Post by jhar26 on Feb 8, 2014 4:22:41 GMT -5
Two With Grant by Hawks: 'His Girl Friday' & 'Monkey Business'
by Peter Bogdanovich
If you miss Cary Grant as much as I do——and I mean not only the movie star, the actor, the man, but also the kind of civilized style and ebullient, urbane and witty persona the name calls to mind——then here are two good opportunities (out of many more) to see the original article. Both were made by Grant’s favorite director (they did five pictures together), the legendary “gray fox of Hollywood,” Howard Hawks.
The major attraction, and one of the fastest, most irreverent and enduringly fresh of screwball romantic comedies, is the 1940 classic, HIS GIRL FRIDAY (available on DVD). This was the third Hawks-Grant picture in two years (preceded by screwball classic Bringing Up Baby and aviation classic Only Angels Have Wings). The picture was based on one of the certifiable masterworks of the American stage, Ben Hecht’s and Charles MacArthur’s newspaper tour de force of sardonic comedy, The Front Page (filmed twice under that title, each one far inferior to this incarnation).

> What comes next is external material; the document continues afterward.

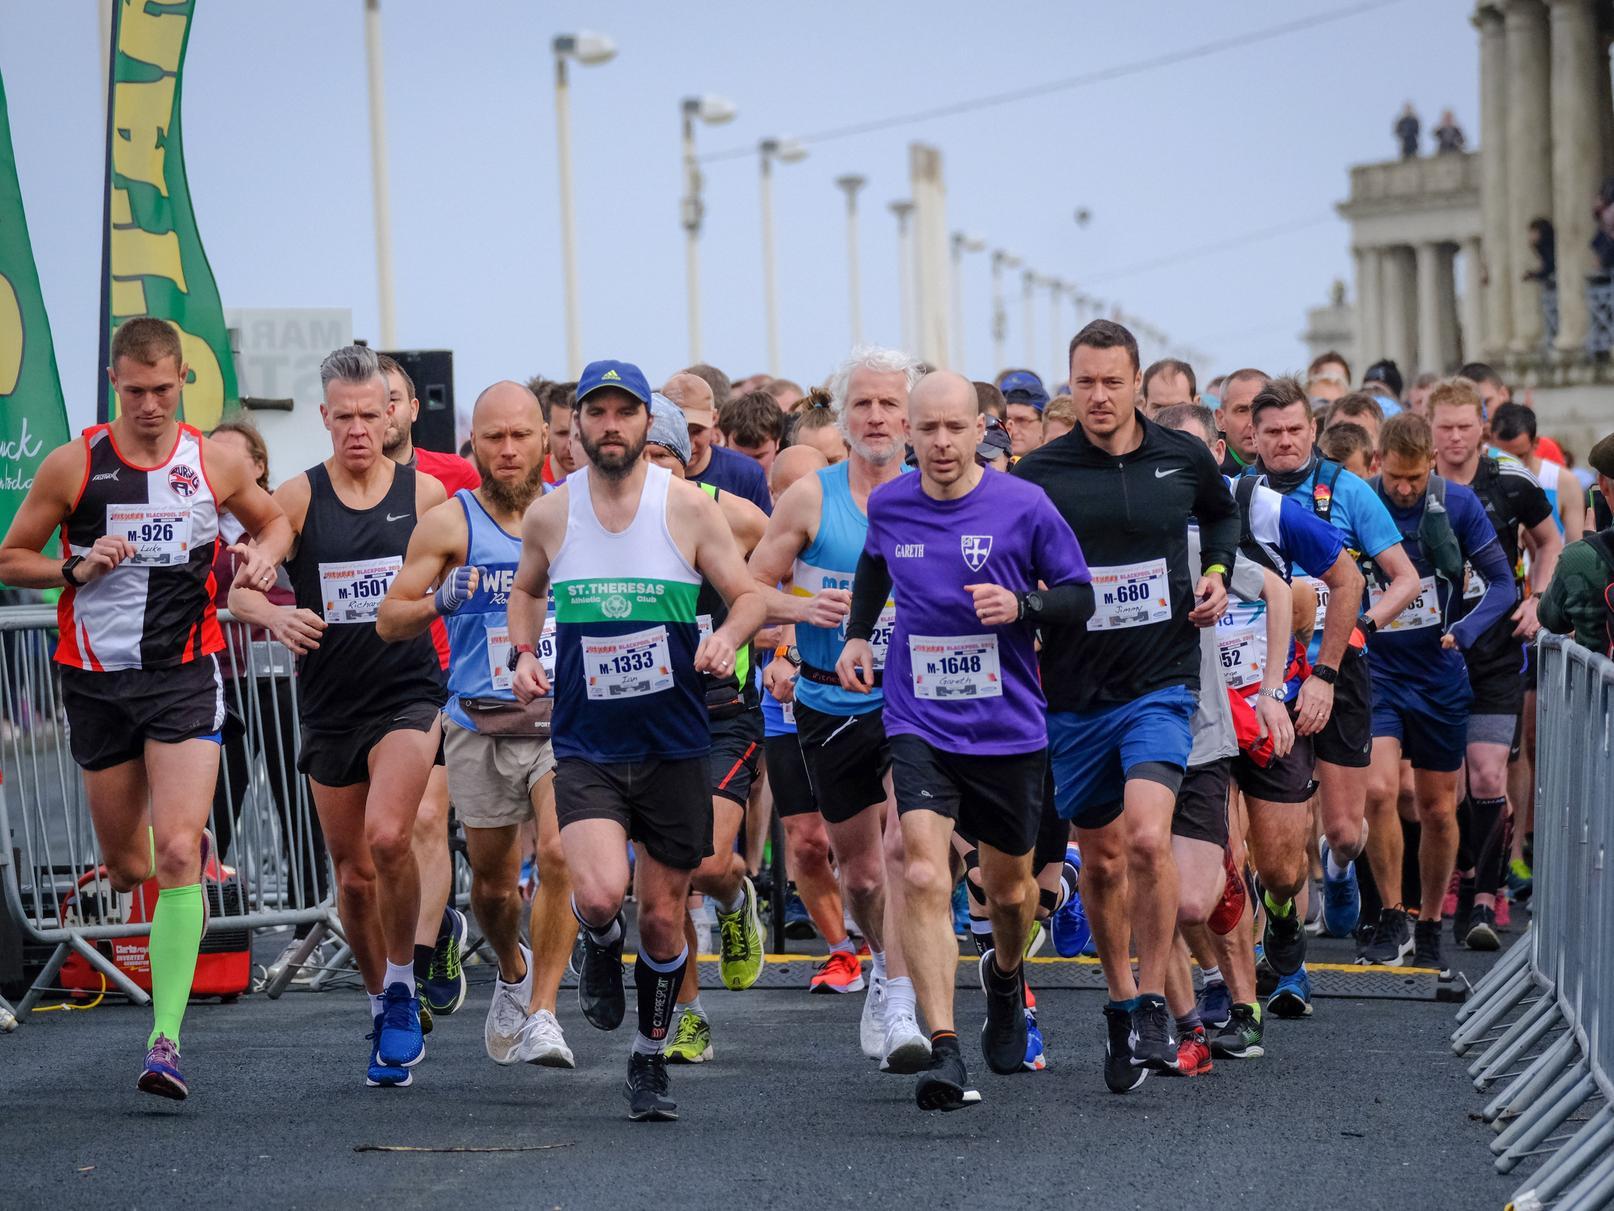 Blackpool's marathon is a two lap flat course which takes place on April 26, 2020. Race facilities include bottled water stations, toilets, live electronic results, full race commentary, race photography and full medical support. Tickets 27 pounds.
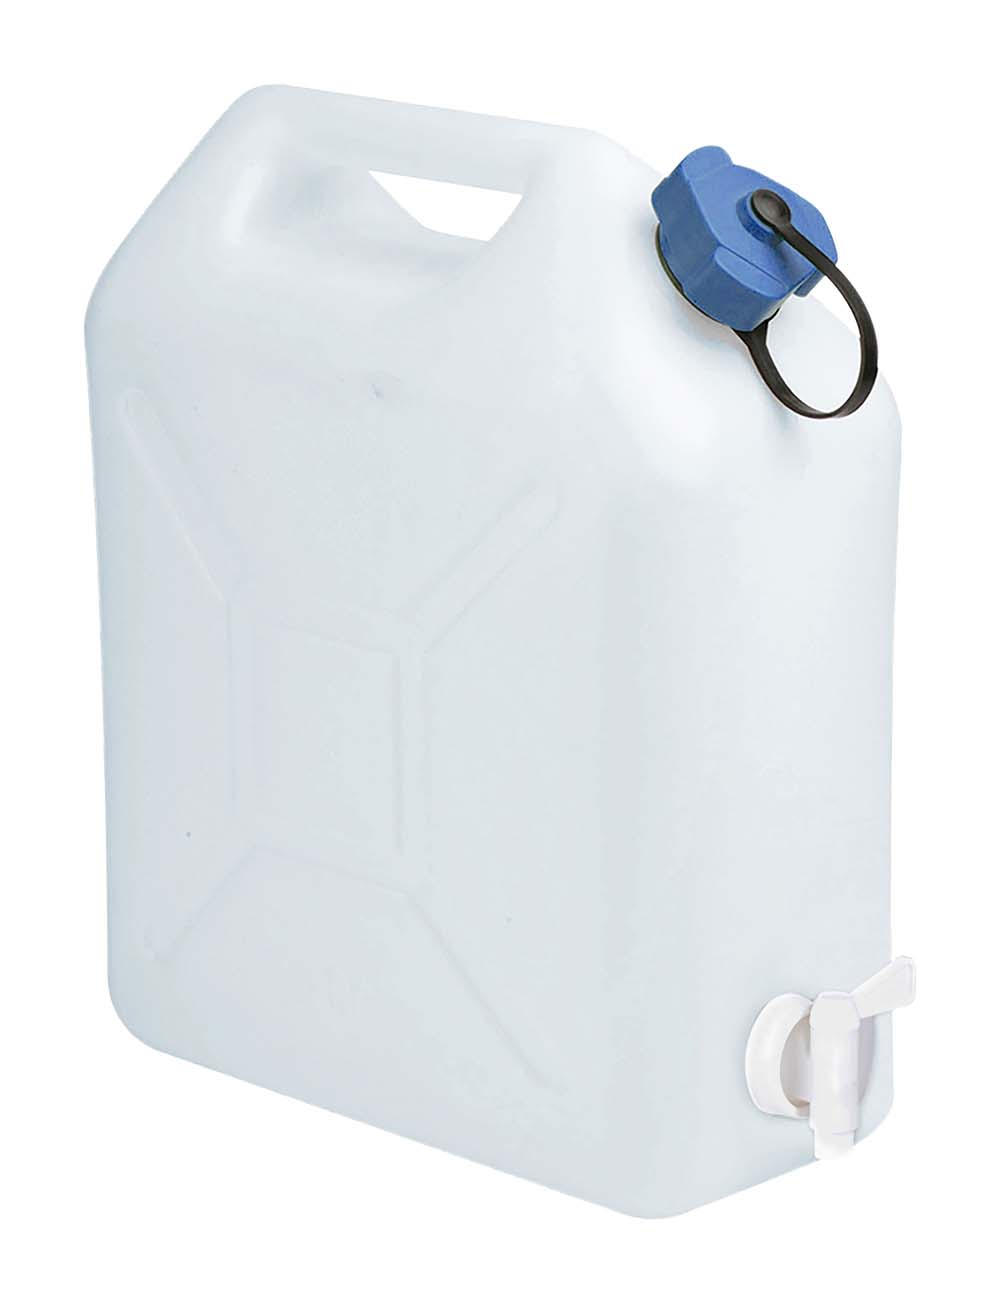 6603645 A jerrycan with a tap. With strong walls, a breather cap and a movable tap for pouring.

But here Hawks altered the play in one huge and fortuitous change he thought of--accomplished with the aid of Hecht and his protégé, the brilliant screenwriter Charles Lederer: the two main characters were switched from a male reporter-male editor battle of wits to a female reporter-male editor battle of the sexes--the two having once been married. Famously, Hawks had been reading some scenes with a girlfriend to demonstrate that the play had some of the best modern dialog, and after awhile exclaimed, “Hey, it’s even better with a woman and a man than two men!” Charlie Lederer later came up with the premise that solved the notion: that the two had been married and divorced.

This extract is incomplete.